Taking fixed width encoding to mean "a code which maps source symbols to a set number of bits," and, assuming that the source symbols in question are Unicode code points, this all makes sense. However, if you think of the underlying language of source symbols being graphemes, things get a lot more complicated.
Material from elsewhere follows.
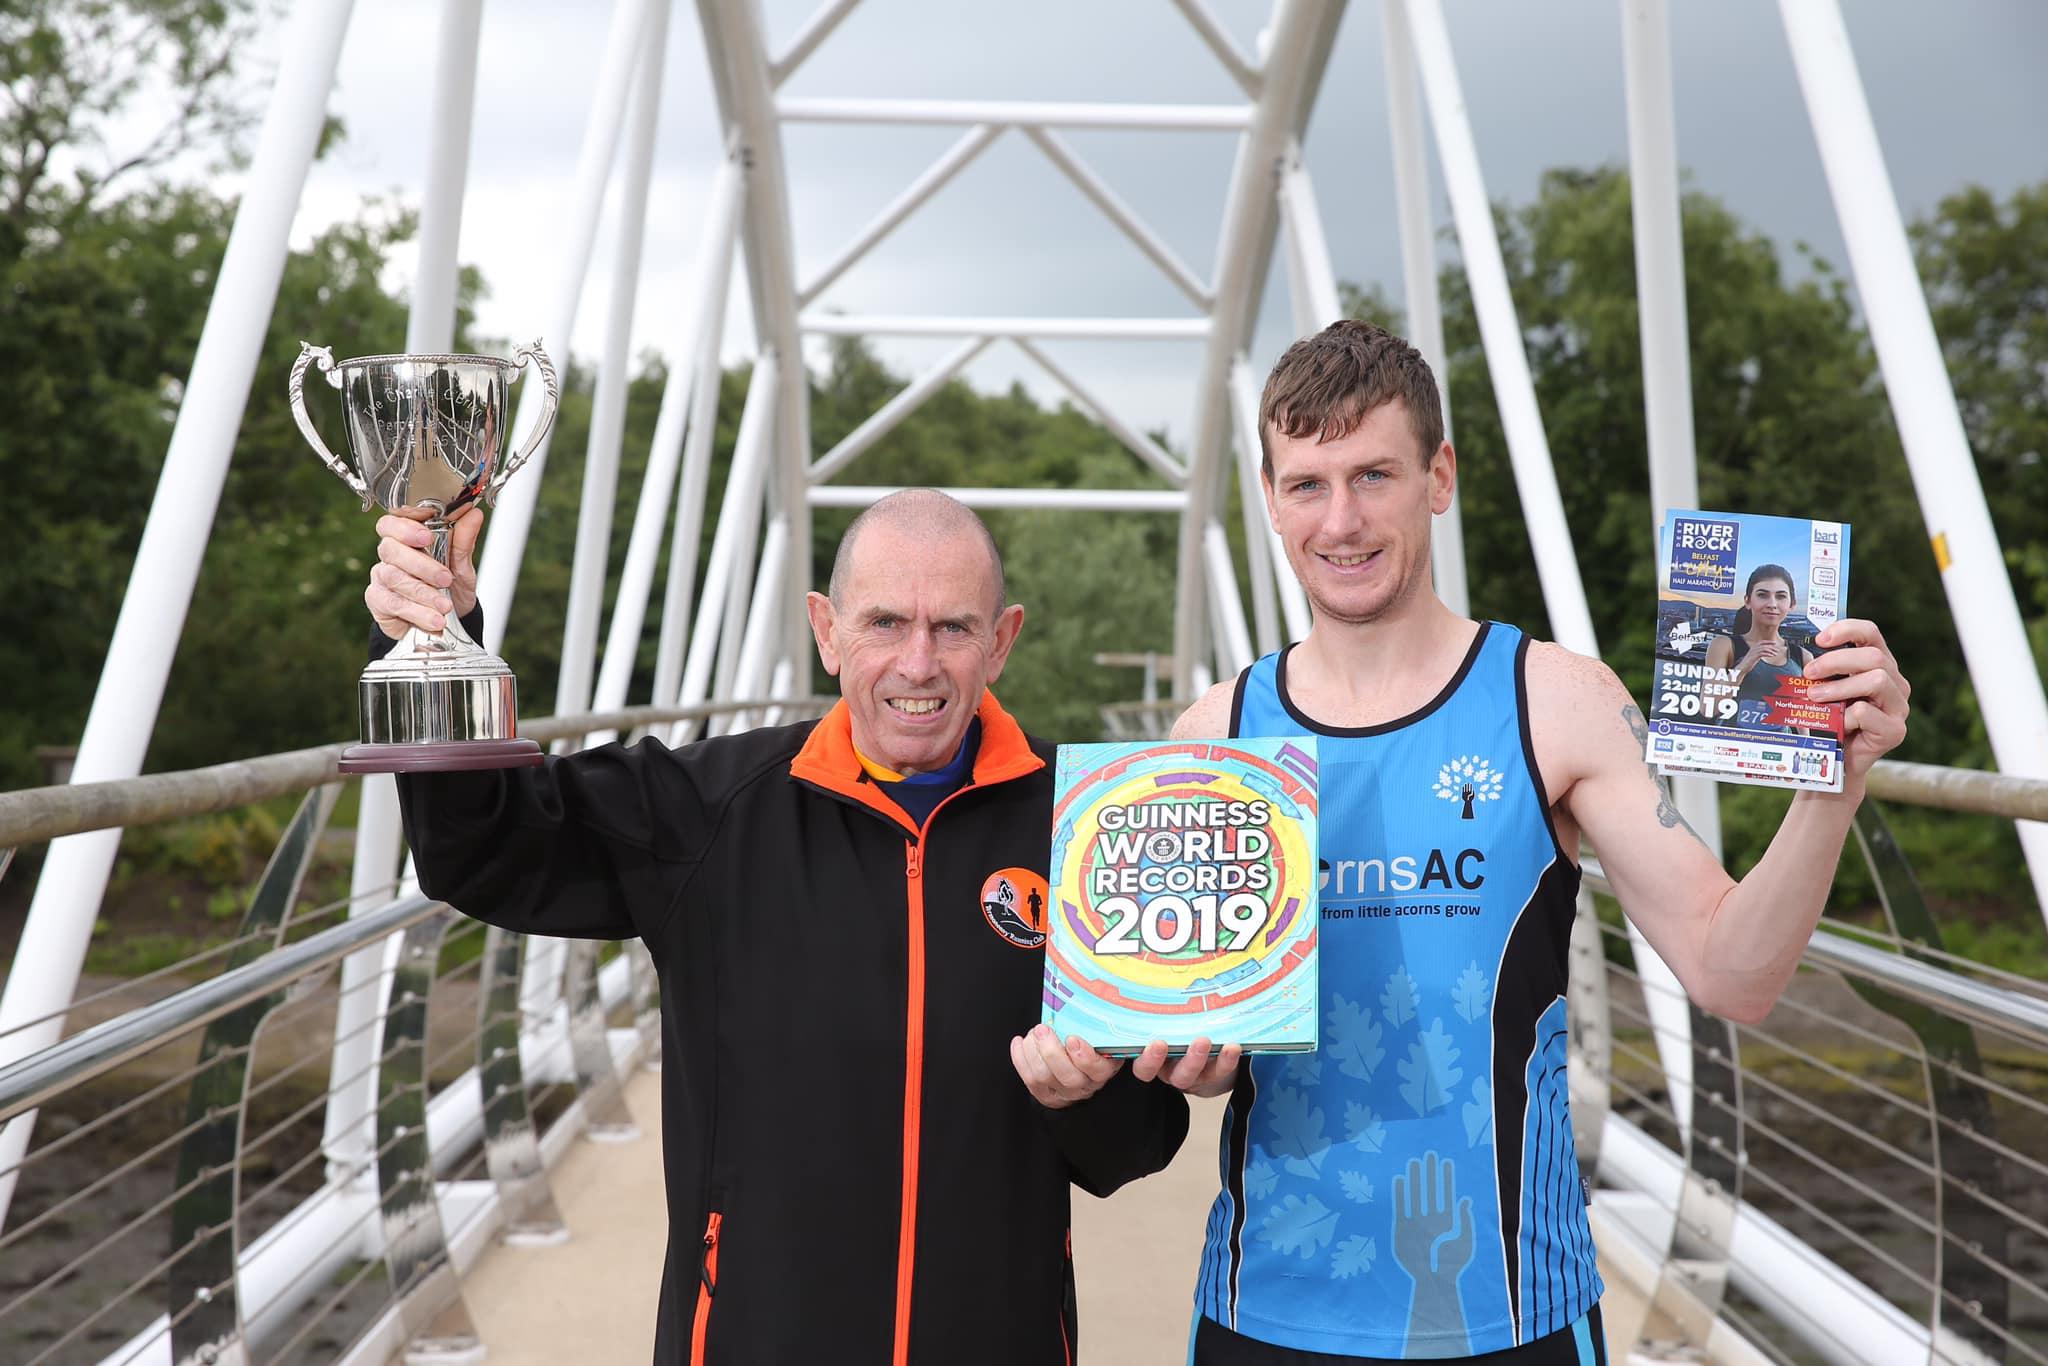 Award Winning Father and Son set for World Record at September Belfast City Half Marathon

So my question is this, in the sense of graphemes, is UTF-32 truly a fixed length encoding? And if not, is there a possible fixed length encoding in that sense?


Solution

  • One of the comments referenced Joel Spolsky's The Absolute Minimum Every Software Developer Absolutely, Positively Must Know About Unicode and Character Sets (No Excuses!) article, which was written in 2003. At the time, it served as a wake-up call (it probably still does in some places). However, it is not without its (minor, but significant) technical problems — though the overall thesis ('you need to know about Unicode, and you need to know which encoding a string is in') remains valid. The comment then continued:

    And yes, UTF-16 and UTF-32 are both fixed width. UTF-8 … isn't.
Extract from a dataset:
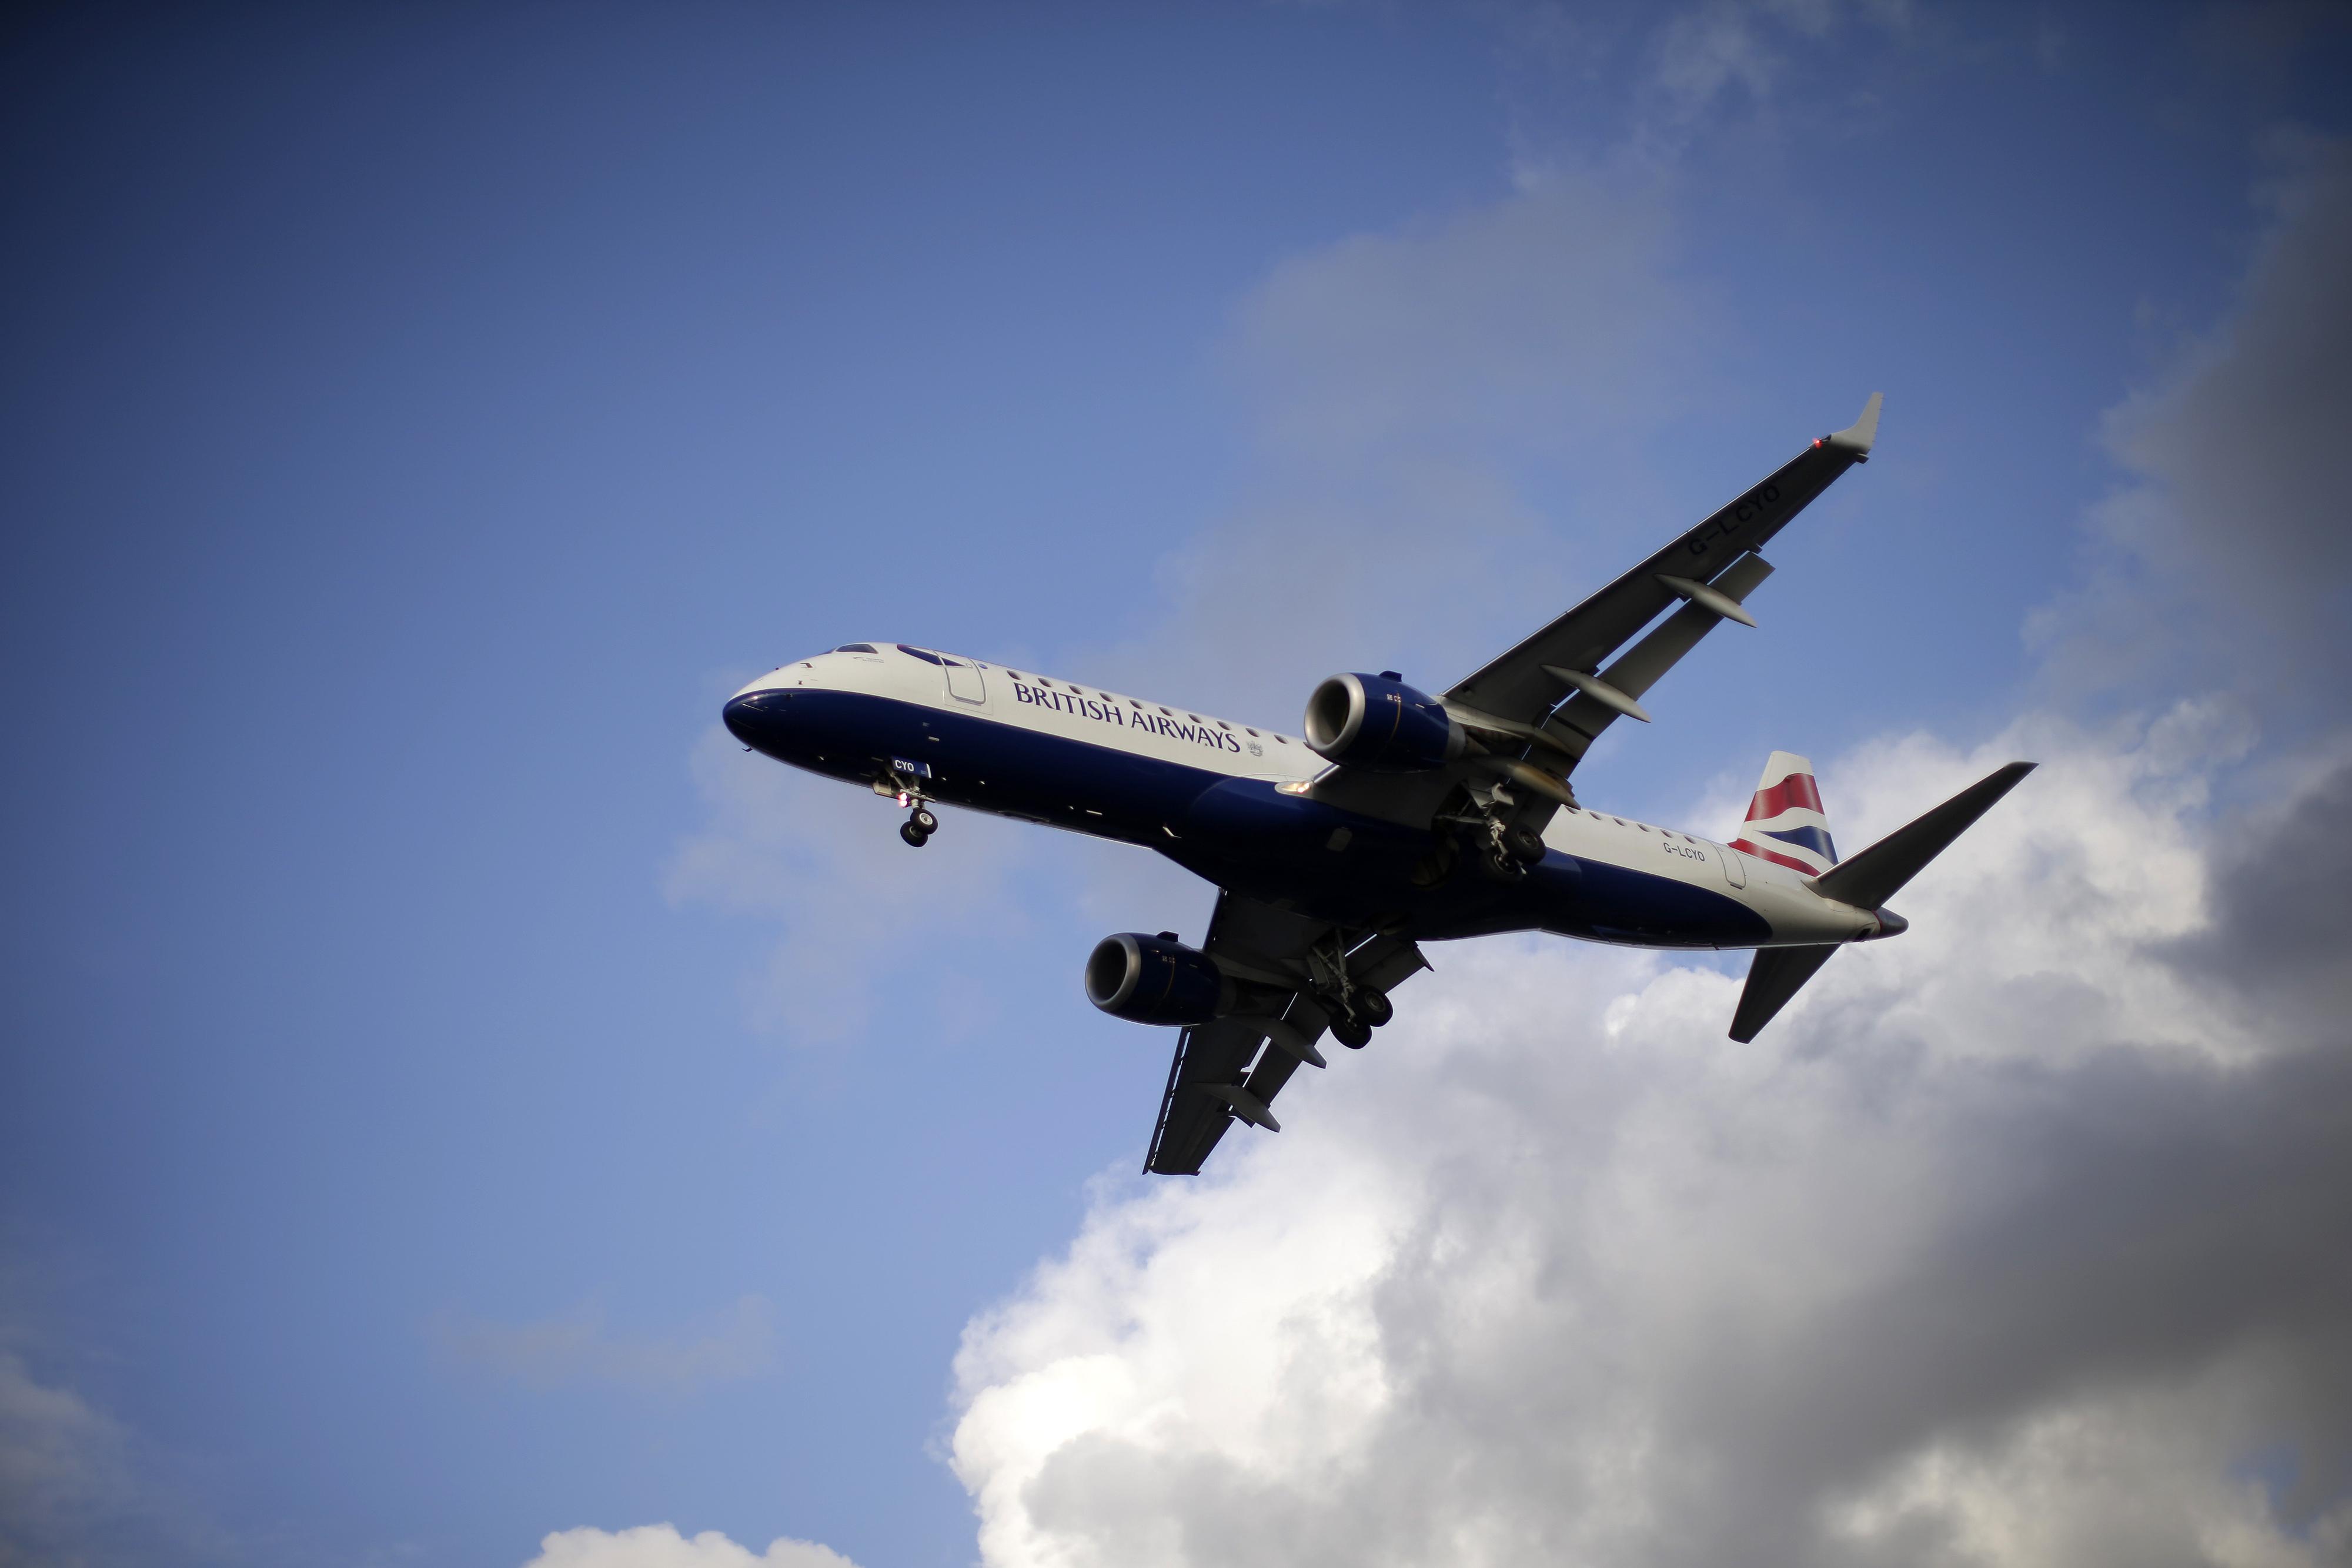 British Airways breach caused by credit card skimming malware

    UTF-16 isn't really fixed width; some Unicode code points are one 16-bit code unit, others require two 16-bit code units — just like UTF-8 isn't fixed width; some Unicode code points require one 8-bit code units, others require two, three or even four 8-bit code units (but not five or six, despite the comment from Joel's article that mentions the possibility). UTF-32, on the other hand, is fixed width; all Unicode code points can be encoded in a single 32-bit code unit. (Indeed, the maximum possible Unicode code point is U+10FFFF, so Unicode is a 21-bit code set, though it does not use all possible combinations of 21 bits.)

    However, code points are not identical to characters, let alone graphemes. The Unicode FAQ has a section on Characters and Combining Marks that discusses graphemes, referencing the glossary definition.

    The better word for what end-users think of as characters is grapheme (as defined in the Unicode glossary): a minimally distinctive unit of writing in the context of a particular writing system.

    Graphemes are not necessarily combining character sequences, and combining character sequences are not necessarily graphemes.

    Q: How are characters counted when measuring the length or position of a character in a string?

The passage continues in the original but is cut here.